Ever since Urban Betty owner Chelle Neff stepped away from working behind the chair in 2017, she’s been putting her energy big-time into salon management. Neff got comfortable with profit-and-loss statements, PowerPoints, monthly expense charts. She studied with High Performance Salon Academy (HPSA) and sat down with her Summit coach.
Then she watched her husband pick up a six-figure windfall when his workplace, an employee-owned company, was sold. This drove home what she’d learned at HPSA about salons taking a page from the corporate book: have people buy into your business and become part of your brand. Neff wanted to try out the idea at her two-location Austin salon.
“As salon owners, we don’t always have a ton of capital,” Neff says. “We can’t just keep giving raises. And rewarding staff with raises and promotions can go only so far. If you allow employees to have skin in the game, it takes your salon company to a whole other level.”
The first step was to have a valuation done, so Neff arranged for that in 2020. The number that came in was big—$5.2 million for her two locations with nearly 80 employees. She directed the salon’s attorney to begin drafting the language for the buy-ins, and she used Carta.com to set up the site. It connects to the salon’s Quickbooks and gives shareholders access to all the numbers.
Business Education for the Team
The pandemic paused Neff’s plans but didn’t deflect her intentions. By April 2022, she was ready to resume the salon’s “all hands” meetings, normally held three times a year and each lasting three to four hours. She set up her PowerPoint and made her pitch.
“I explained how the business made money,” Neff says. “I think it was a big ‘aha’ moment for the staff! I told them the payoff would be good, but they would have to play the long game. It might take years to make any money off these stocks.” Quarterly profit distributions would offer some short-term earnings as long as the salon was profitable in that quarter.
Some employees were afraid Neff was preparing to sell the salon. She assured them that she was not looking to sell but says she’s open to considering that in the future.
“Right now my ego is still attached to my salon,” Neff explains. “I am not ready to let it go, but I want to start separating my self-worth from my success in business. And I’m 45 years old with a toddler.
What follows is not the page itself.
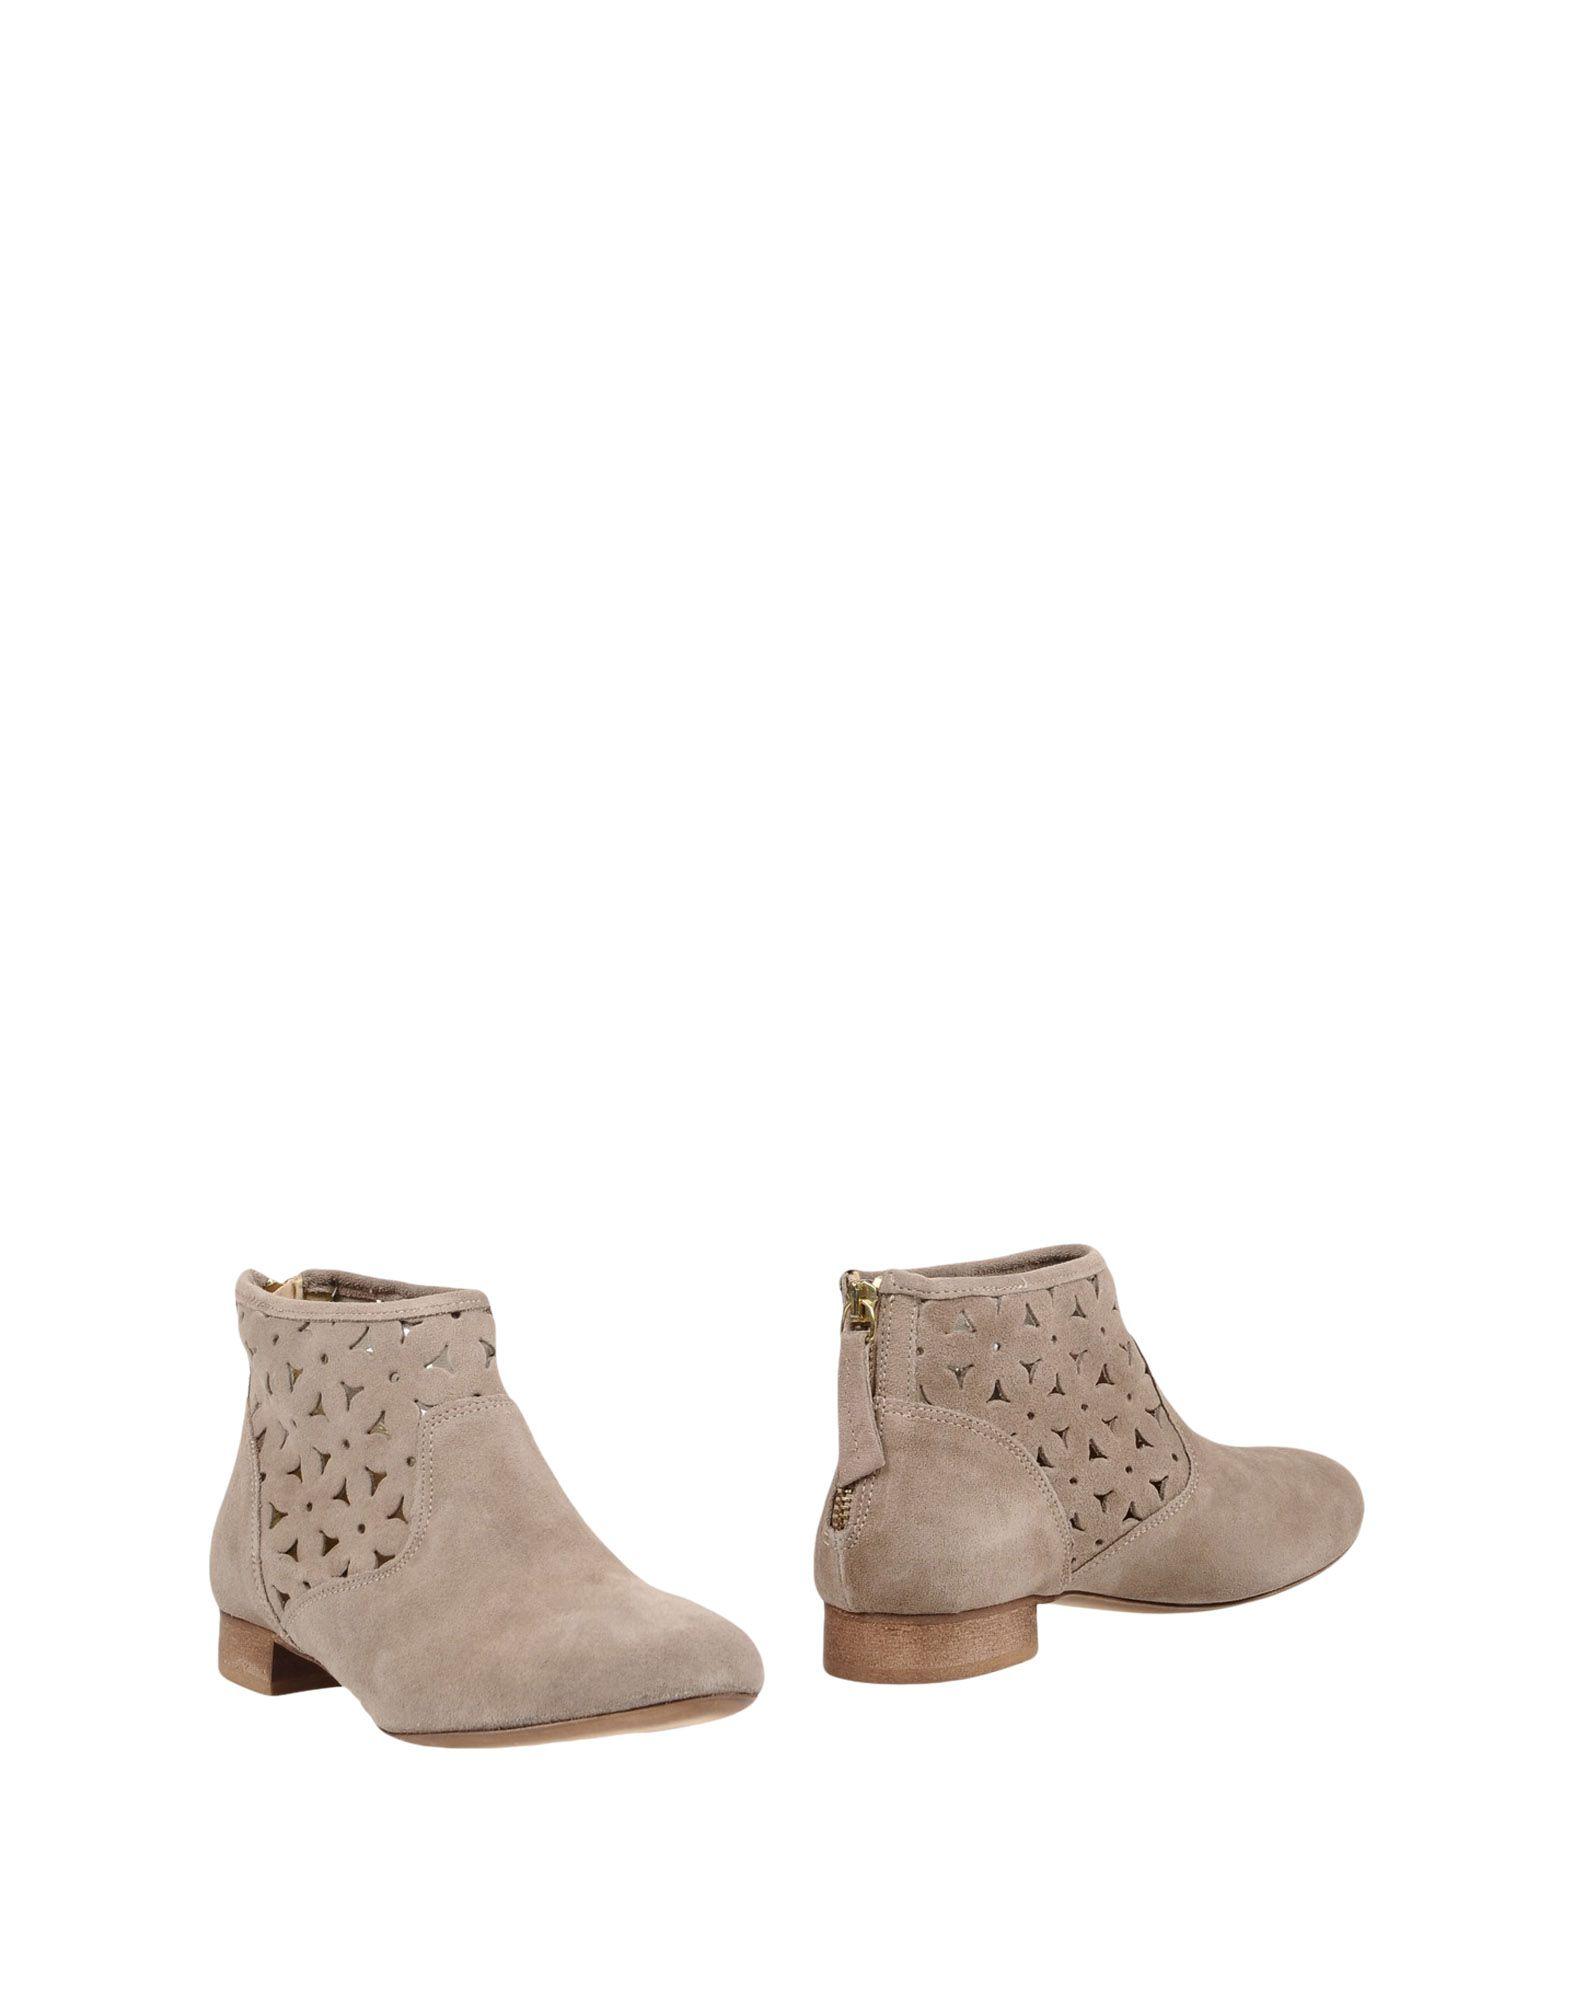 Eye Stiefelette Damen  11427461WX Gute Qualität beliebte Schuhe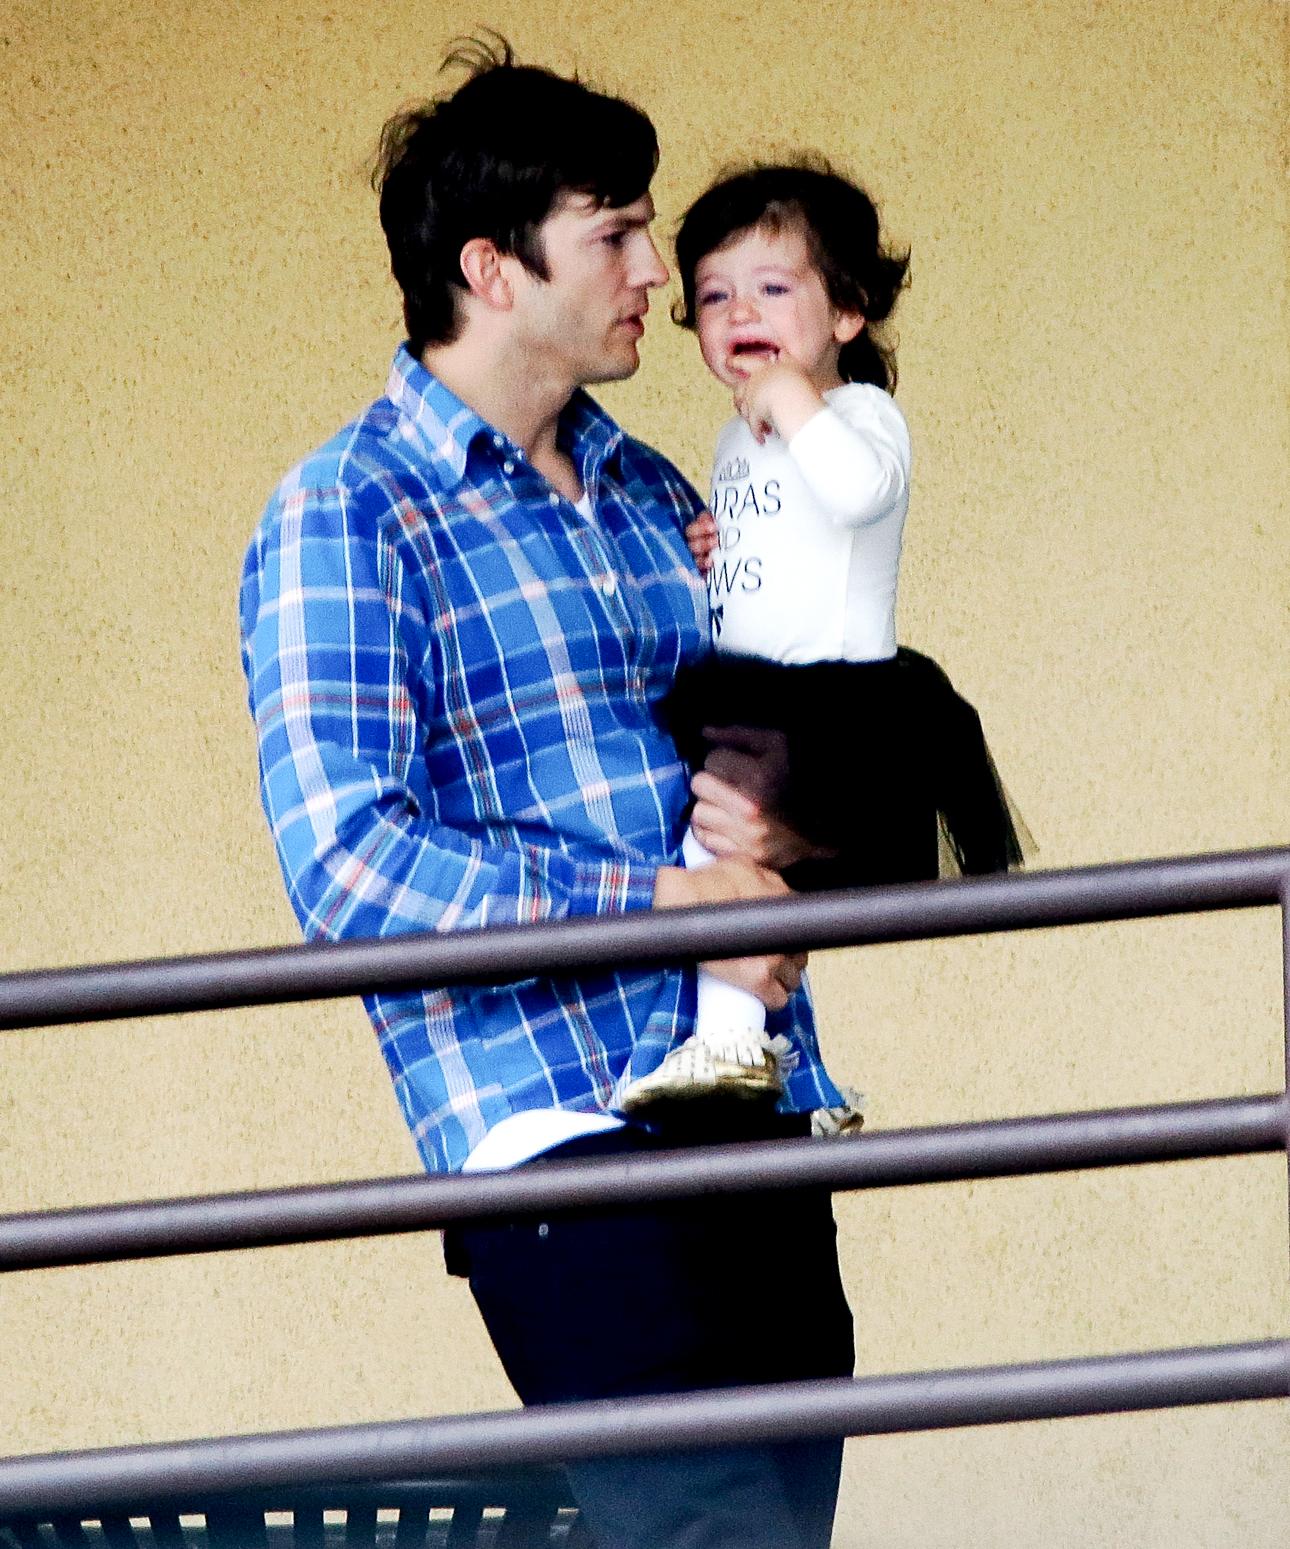 La Hija De Ashton Kutcher Y Mila Kunis Hace Berrinche

I want to spend time with my son.”
Neff set investing parameters: to qualify to buy in, employees had to be working at the salon for at least two years and be on the salon’s leadership team.
“These are people showing me they already care about the salon,” Neff says. She felt two of them had earned stock without having to buy in, so she gave them shares. One additional team member has expressed interest in investing. Neff adds that her salon is a little big for this purpose—a $1 million or $2 million salon would be the ideal size for investment opportunities.
“To own just 1 percent of my salon,” she explains, “you have to invest a lot of money.” She plans to look into franchising her business as an alternative concept.
More Revenue: A Product Line
With Neff, the wheels keep turning. Eventually they rolled into the idea of creating a boutique hair product line, which she turned into a reality. The line launched in September 2021. Recently she added an unscented version of the shampoo and conditioner, reflecting her own scent-free product life due to her battle against both migraines and infertility.
“I wanted a clean product line with sustainable packaging,” Neff says. The collection of the two choices in shampoo and conditioner, plus two scented candles, is available online as well as in the salon, which is where most of the purchases take place.
“I wasn’t too worried about how competitive the line would be,” Neff notes. “I’m laid back about that. I never want to force brands on my team. If they believe in the product, they’ll recommend it. If they prefer one of our other lines, I’m okay with that.”
Just as Neff wants her team to benefit from quarterly profits or a transfer of ownership, she hopes her product sales can help other entrepreneurs. She has pledged to donate 1% of the product line’s profits to BIGAUSTIN, which provides coaching, business planning, and funding solutions to women entrepreneurs in Texas.
“I was once that woman,” Neff reports. “If it weren’t for BIGAUSTIN helping me with funding, I wouldn't be here today.” Since the product line has not hit its break-even point yet, Neff is considering, for 2023, changing her pledge from 1% of profits to 1% of sales.
“I didn’t realize how much it cost to launch a product line!” she says. “You need a website, PR people, photography—it’s a lot of money.”
Neff doesn’t get stressed over that. Following her own advice, she’s playing the long game and staying confident in her data-based, forward-thinking business approach.